Business Intelligence Needed In Healthcare to Provide Relevant Information
Laura Madsen, in her book “Healthcare Business Intelligence: A Guide to Empowering Successful Data Reporting and Analytics” tells a story that in her job, her senior managers ask her to:
“create the omnibus platform for coordination, population health, and care management,
that integrates heterogeneous data from large and small affiliated provider organizations,
supplying retrospective and prospective analytics,
to improve quality, safety and efficiency.”
Here’s a question – Thinking about Ms. Madsen’s challenge, how might you white board the project?
And the answer – Business intelligence is important key to all of her requirements.
If you want to create better care coordination, you must have information on where and when to coordinate. If you want better population health and care management you need to know which population you should work on and what work will really make a difference. If you want great quality, safety and efficiency, you need the same type of data on costs, care points, and how the institution delivers evidenced based medicine.
Three Questions to Guide Healthcare Business Intelligence Discussions
There are several questions we must answer to help make sense of the healthcare business intelligence market.
- In all the cases above you could apply both analytics and business intelligence to help solve the problem. How these fit together and why they need to be coordinated?

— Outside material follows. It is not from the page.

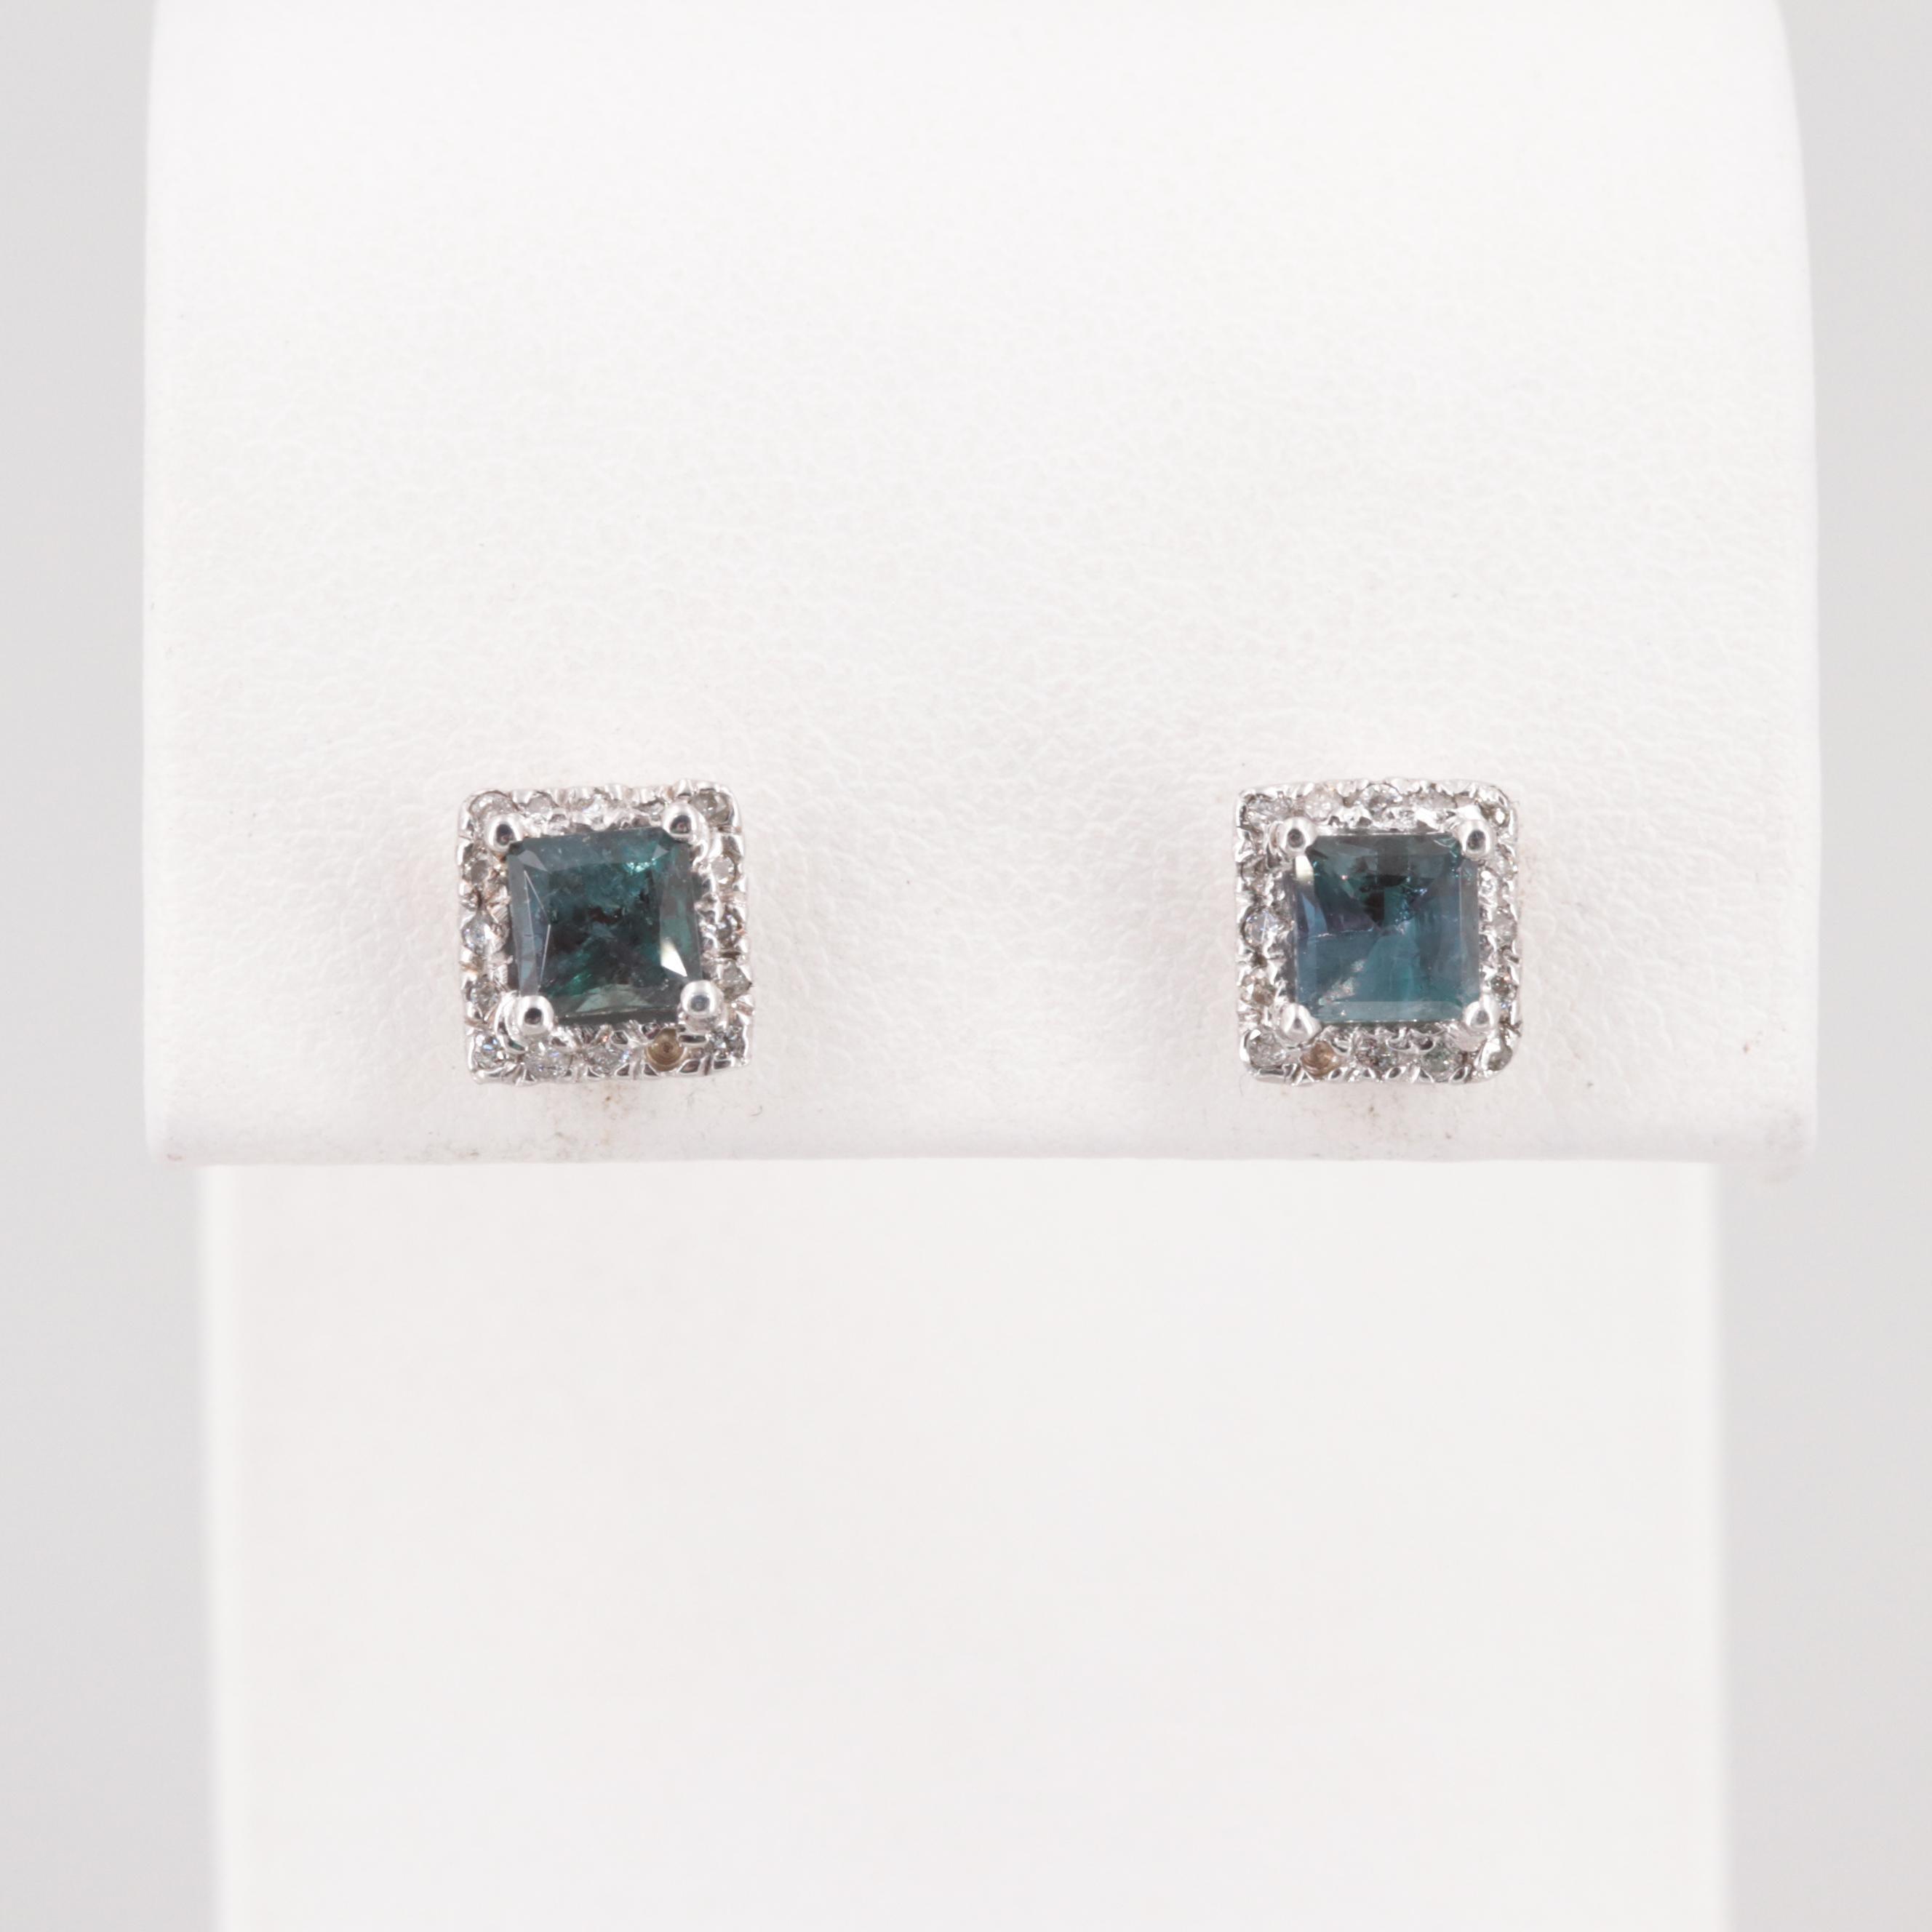 14K White Gold Color Change Alexandrite and Diamond Earrings

- Big data versus small data within business intelligence tools; how should either be integrated into decision support?
- Data warehousing; how does this play into the equation?

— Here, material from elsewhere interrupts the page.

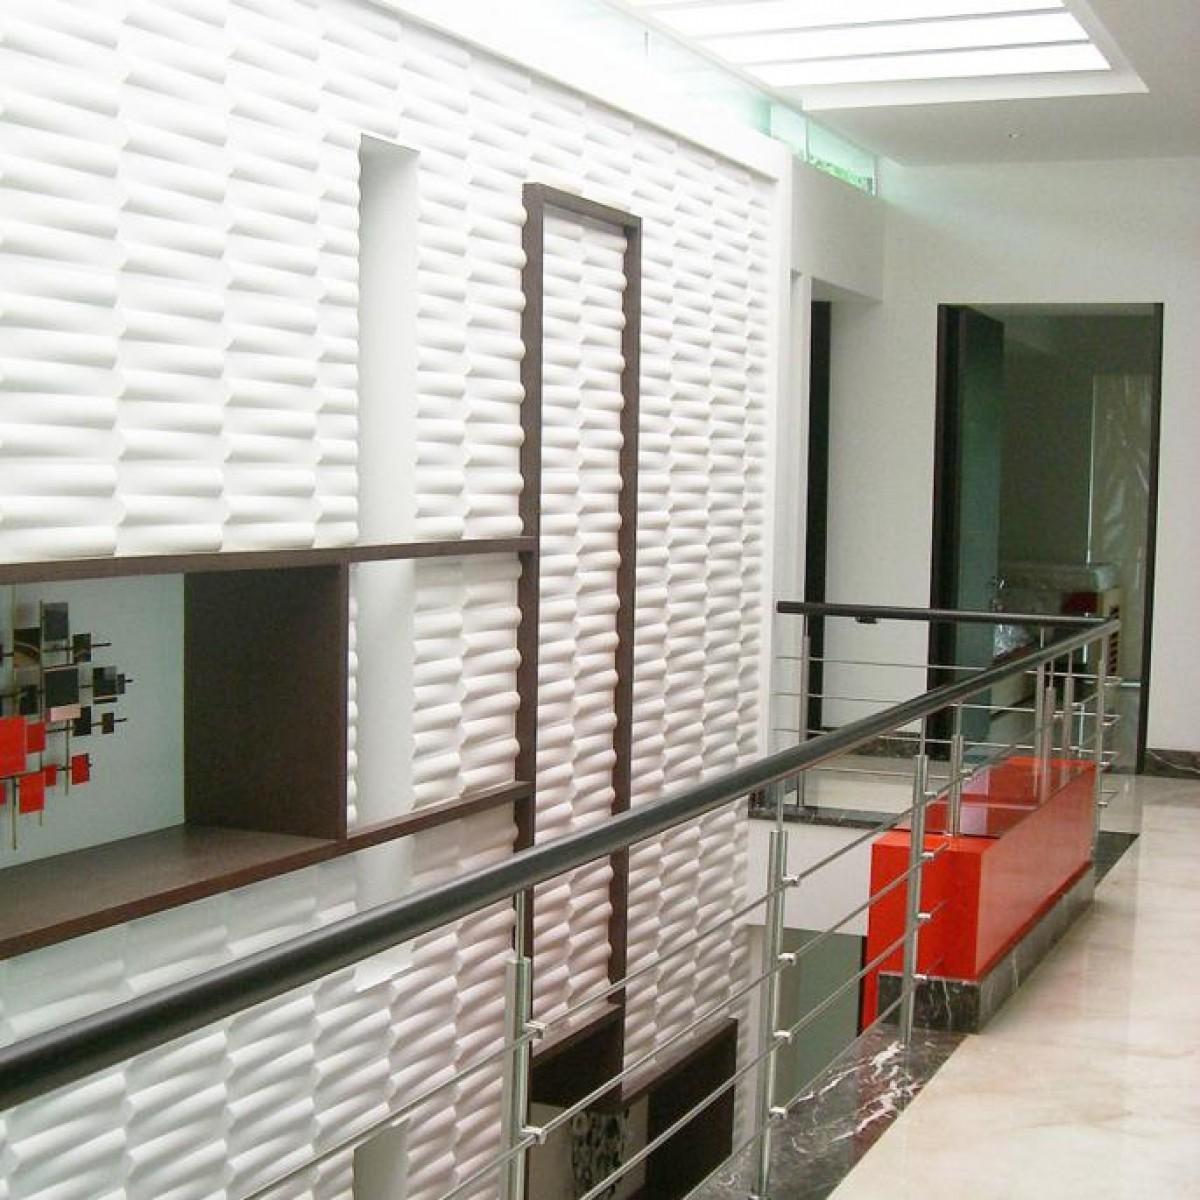 Box Wall Panels : Seesaw pattern design d glue on wall panel flats

Data warehousing and access
Business intelligence solutions start out with the need for data. In healthcare, most solutions have been based on claims data as this was the most available until recently. However, now that we have relatively large quantities of clinical data stored in EMRs or HIEs, we have access to more useful data if we can simply mine it for what we need. There is an ongoing debate about “how much data is enough data”, and “is it okay to impute data when you don’t have a complete set”? Most users of healthcare business intelligence have at least created some type of clinical data warehouse, or are using claims data, or both. Utilizing both types of data would be ideal, but claims data will at times take as long as 120-180 days to access, unfavorable timing for certain disease types or population health management programs.
Type of data needed varies
Which data, and how much data you have, brings up two questions that need to be answered before we can move into how to use the data. The first is: Do we have the type of data we need and do we have all of it in order to make the best decision support tools we can from business intelligence? In most cases, EMRs themselves have a fairly robust data set from a single location or health system. They do not, however, always have the data they need from outside their system when patients use outside labs, physicians who are not on the hospitals network or EMR, and other types of providers of care who may not use an EMR at all. As a vendor of integration services, we are often surprised by how many organizations buy healthcare business intelligence solutions to provide decision support, yet don’t factor in the source and quantity of data to make the program work.

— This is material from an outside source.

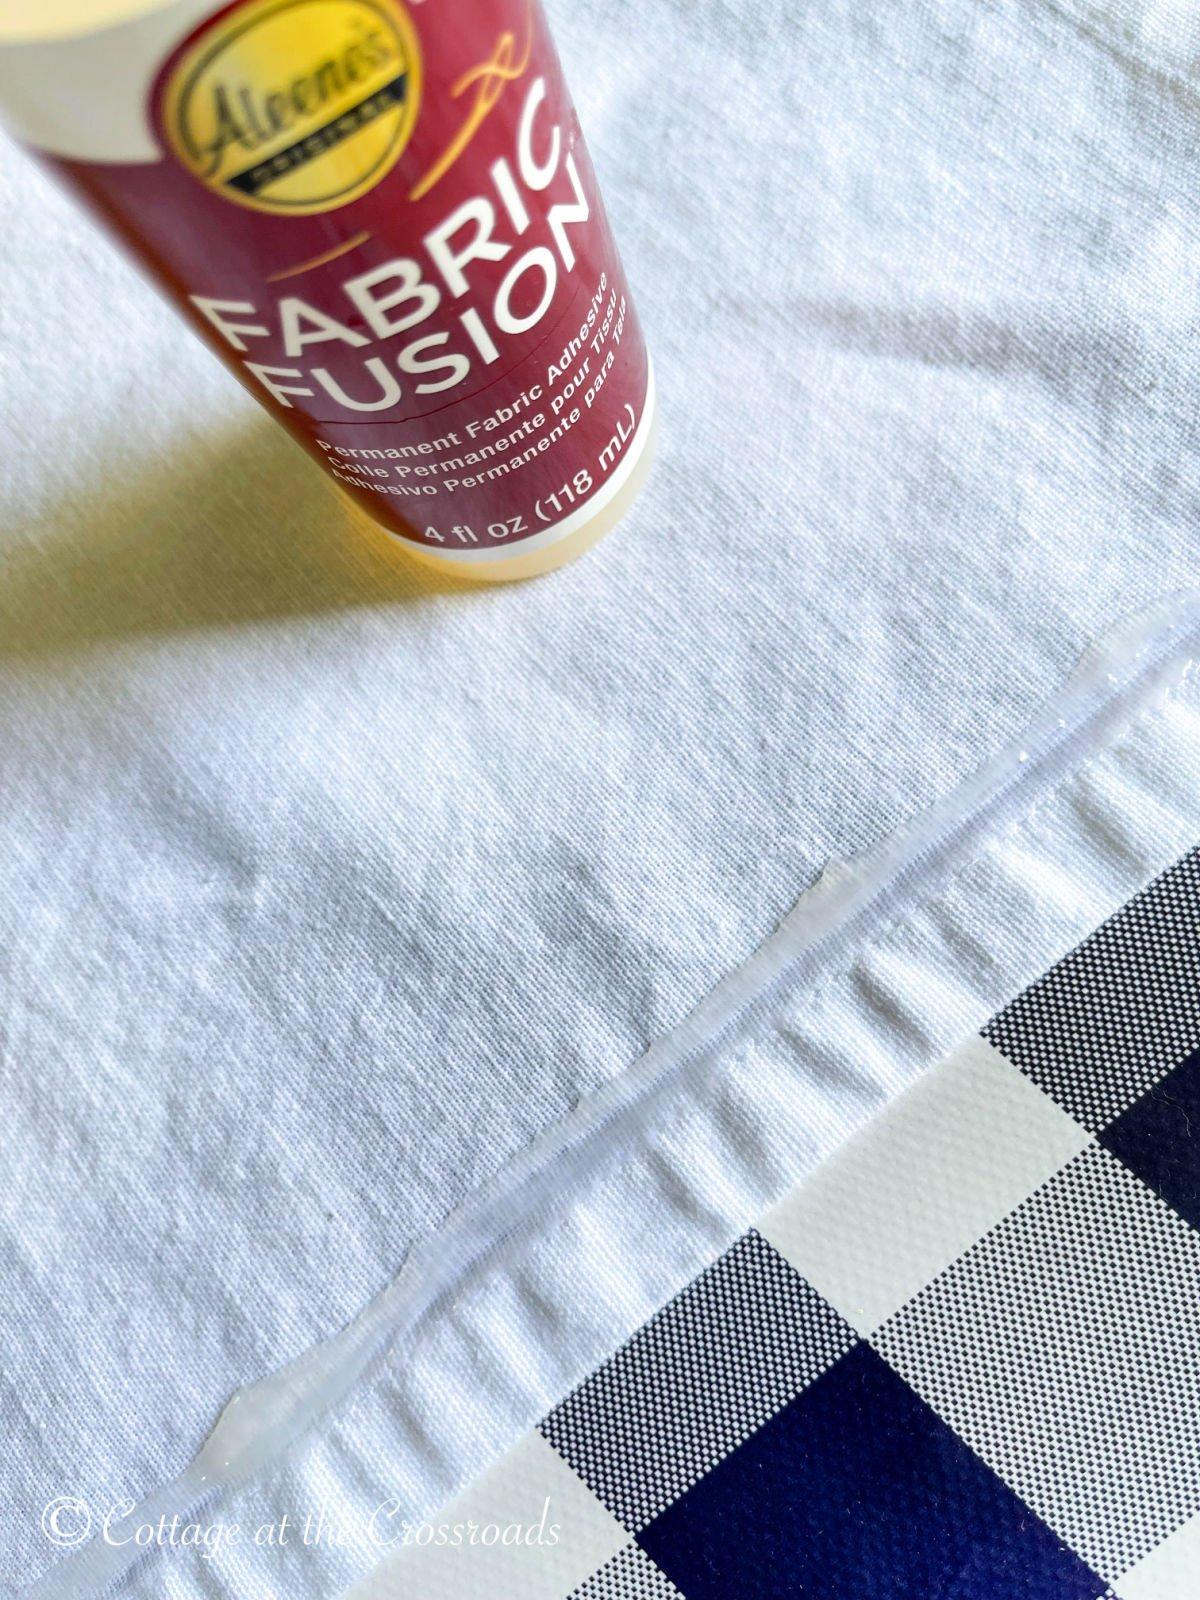 applying fabric glue to tea towel

You can have too little data, too much data, and either the right kind or the wrong kind of data, depending on what you are trying to accomplish. This next statement may be surprising, but healthcare can be trend driven. And no, not lab-coat cut and color kind of trend, but rather trends driven by technological advances. While it is important to stay abreast of innovation, riding the trend train is not always the correct strategy for an organization. For example, big data is a popular trend that can have a major impact on the cost and quality of healthcare in time. There are however, plenty of situations where a couple of different types of small data, such as a specific biomarker within lab data or from a blood pressure cuff or both, can be all you need to manage a specific population once diagnosed. A combination of both big data and small data are very important to the success of a strong healthcare business intelligence decision support program.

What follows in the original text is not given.